Skip to contents

Format and standardize column names and data types of an occurrence dataset

Usage

format_columns(
  occ,
  metadata,
  extract_binomial = TRUE,
  binomial_from = NULL,
  include_subspecies = FALSE,
  include_variety = FALSE,
  check_numeric = TRUE,
  numeric_columns = NULL,
  check_encoding = TRUE,
  data_source = NULL,
  progress_bar = FALSE,
  verbose = FALSE
)

Arguments

occ

(data.frame or data.table) a dataset with occurrence records, preferably obtained from import_gbif(), get_specieslink(), get_bien(), or get_idigbio().

metadata

(character or data.frame) if a character, one of 'gbif', 'specieslink', 'bien', or 'idigbio', specifying which metadata template to use (the corresponding data frames are available in RuHere::prepared_metadata). If a data.frame is provided, it must have 21 columns (see Details).

extract_binomial

(logical) whether to create a column with the binomial name of the species. If FALSE, it will create a column "species" with the exact name stored in the scientificName column. Default is TRUE.

binomial_from

(character) the column name in metadata from which to extract the binomial name. Only applicable if extract_binomial = TRUE. If metadata corresponds to one of the predefined sources ('gbif', specieslink', 'bien', or 'idigbio'), predefined columns will be used automatically. Default is "scientificName".

include_subspecies

(logical) whether to include subspecies in the binomial name. Only applicable if extract_binomial = TRUE. If TRUE, the function includes any infraspecific epithet after the pattern "subsp.". Default if FALSE.

include_variety

(logical) whether to include variety in the binomial name. Only applicable if extract_binomial = TRUE. If TRUE, the function includes any infraspecific epithet after the pattern "var.". Default if FALSE.

check_numeric

(logical) whether to check and coerce the columns specified in numeric_columns to numeric type. Default is TRUE.

numeric_columns

(character) a vector of column names that must be numeric. Default is NULL, meaning that if check_numeric = TRUE, the following columns will be coerced: 'decimalLongitude', 'decimalLatitude', 'coordinateUncertaintyInMeters', 'elevation', and 'year'.

check_encoding

(logical) whether to check and fix the encoding of columns that typically contain special characters (see Details). Default is TRUE.

data_source

(character) the source of the occurrence records. Default is NULL, meaning it will use the same string provided in metadata. If metadata is a user-defined data.frame, this argument must be specified.

progress_bar

(logical) whether to display a progress bar during processing. If TRUE, the 'pbapply' package must be installed. Default is FALSE.

verbose

(logical) whether to print messages about the progress. Default is FALSE.

Value

A data.frame with standardized column names and data types according to the specified metadata.

Details

If a user-defined metadata data.frame is provided, it must include the following 21 columns: 'scientificName', 'collectionCode', 'catalogNumber', 'decimalLongitude', 'decimalLatitude', 'coordinateUncertaintyInMeters', 'elevation', 'country', 'stateProvince', 'municipality', 'locality', 'year', 'eventDate', 'recordedBy', 'identifiedBy', 'basisOfRecord', 'occurrenceRemarks', 'habitat', 'datasetName', 'datasetKey', and 'key'.

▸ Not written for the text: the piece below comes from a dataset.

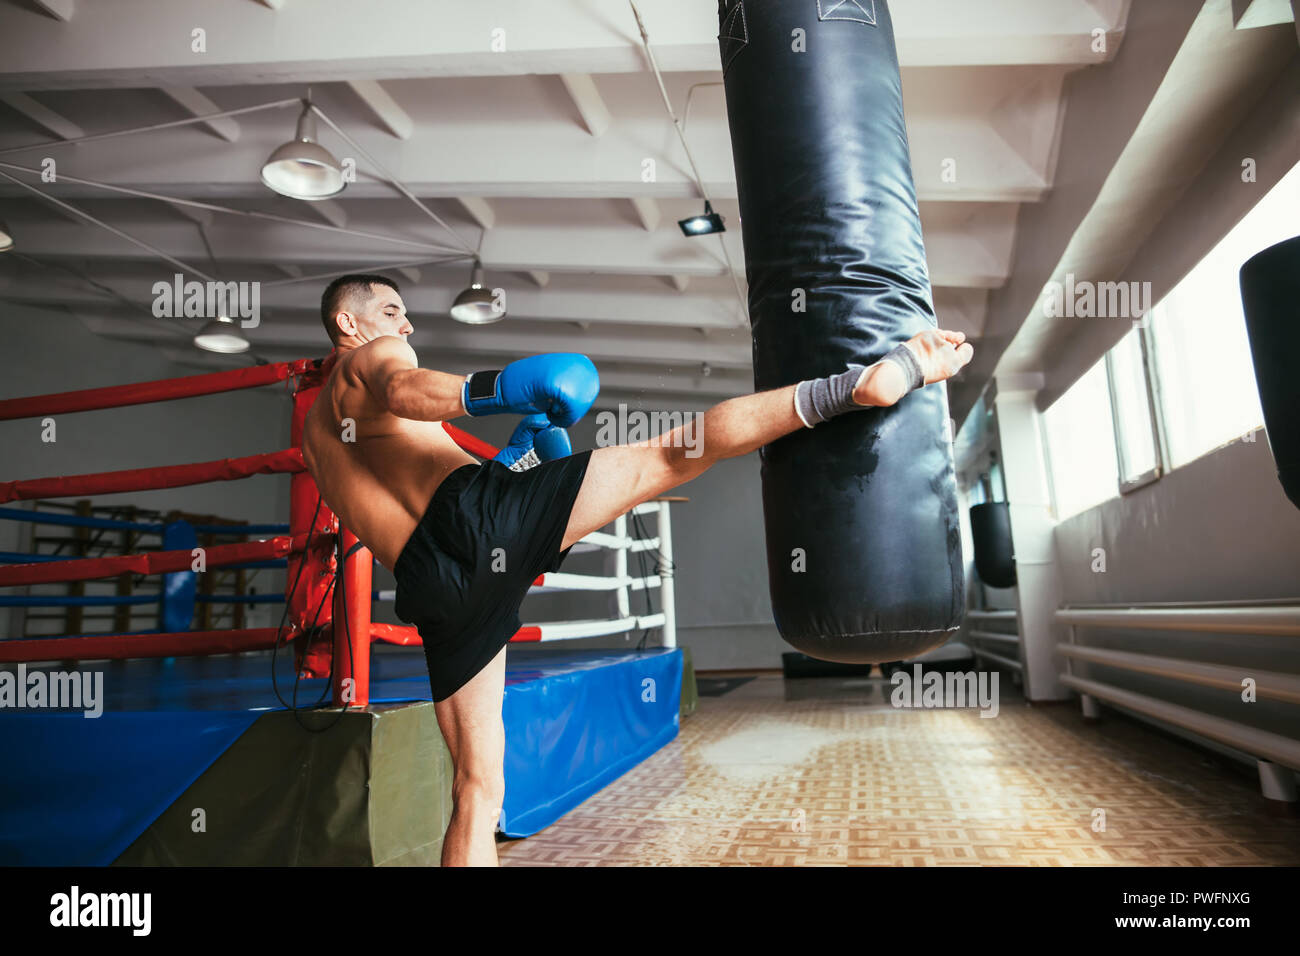 Male boxer workout high kick on the punching bag in gym. Sport concept Stock Photo
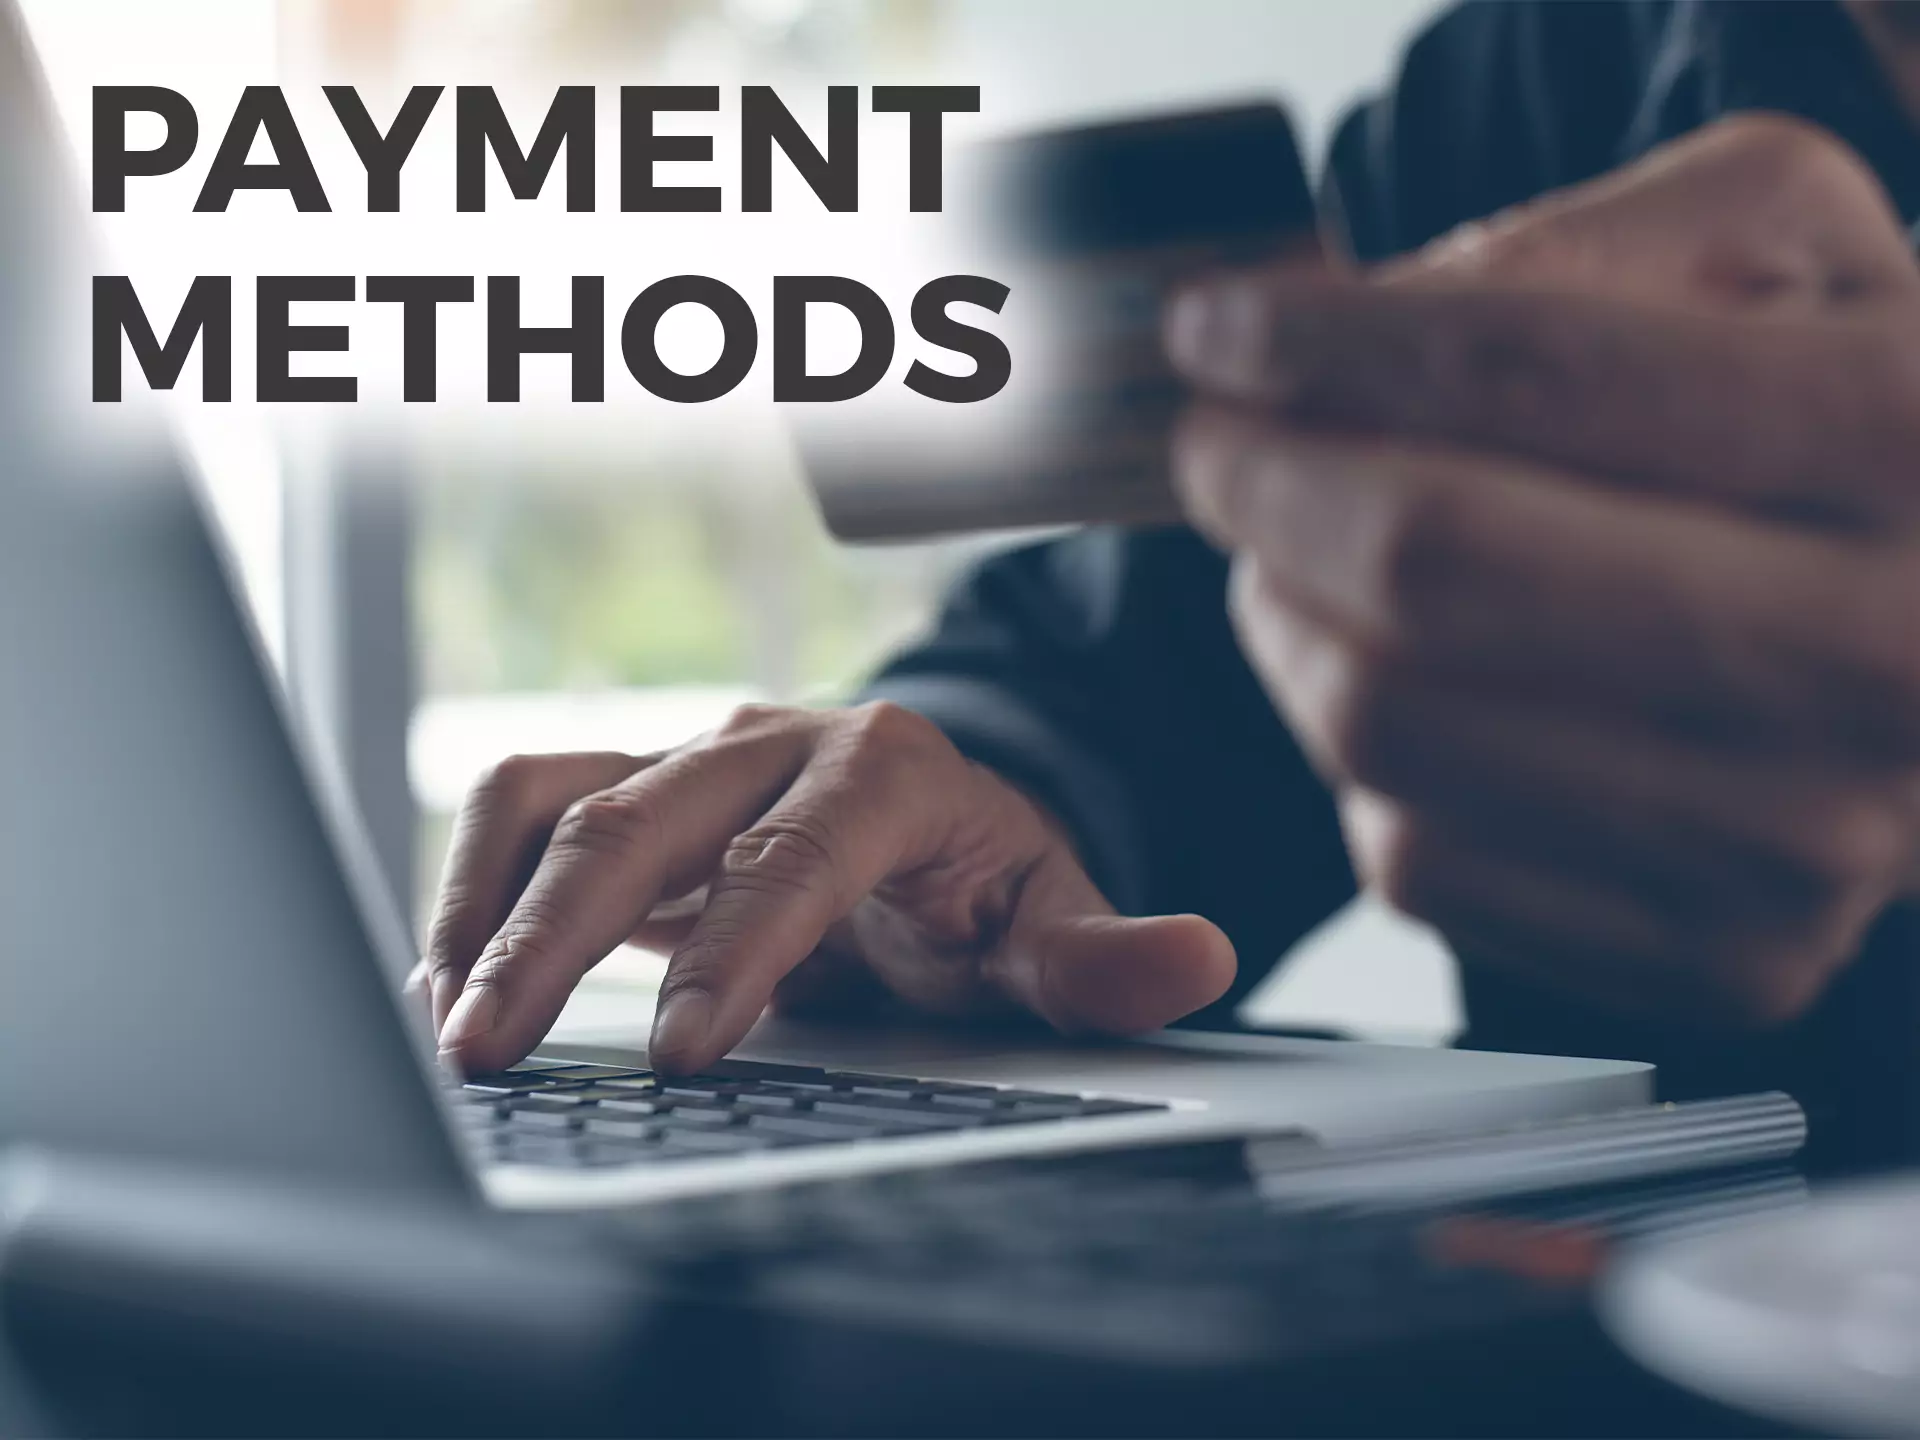 It's important for an online casino to have convenient payment methods.

If check_encoding = TRUE, the function will inspect and, if necessary, fix the encoding of these columns: 'collectionCode', 'catalogNumber', 'country', 'stateProvince', municipality', 'locality', 'eventDate','recordedBy', 'identifiedBy', 'basisOfRecord', and 'datasetName'.

Examples

# Example with GBIF
data("occ_gbif", package = "RuHere") #Import data example
gbif_standardized <- format_columns(occ_gbif, metadata = "gbif")
# Example with SpeciesLink
data("occ_splink", package = "RuHere") #Import data example
splink_standardized <- format_columns(occ_splink, metadata = "specieslink")
# Example with BIEN
data("occ_bien", package = "RuHere") #Import data example
bien_standardized <- format_columns(occ_bien, metadata = "bien")
# Example with idigbio
data("occ_idig", package = "RuHere") #Import data example
idig_standardized <- format_columns(occ_idig, metadata = "idigbio")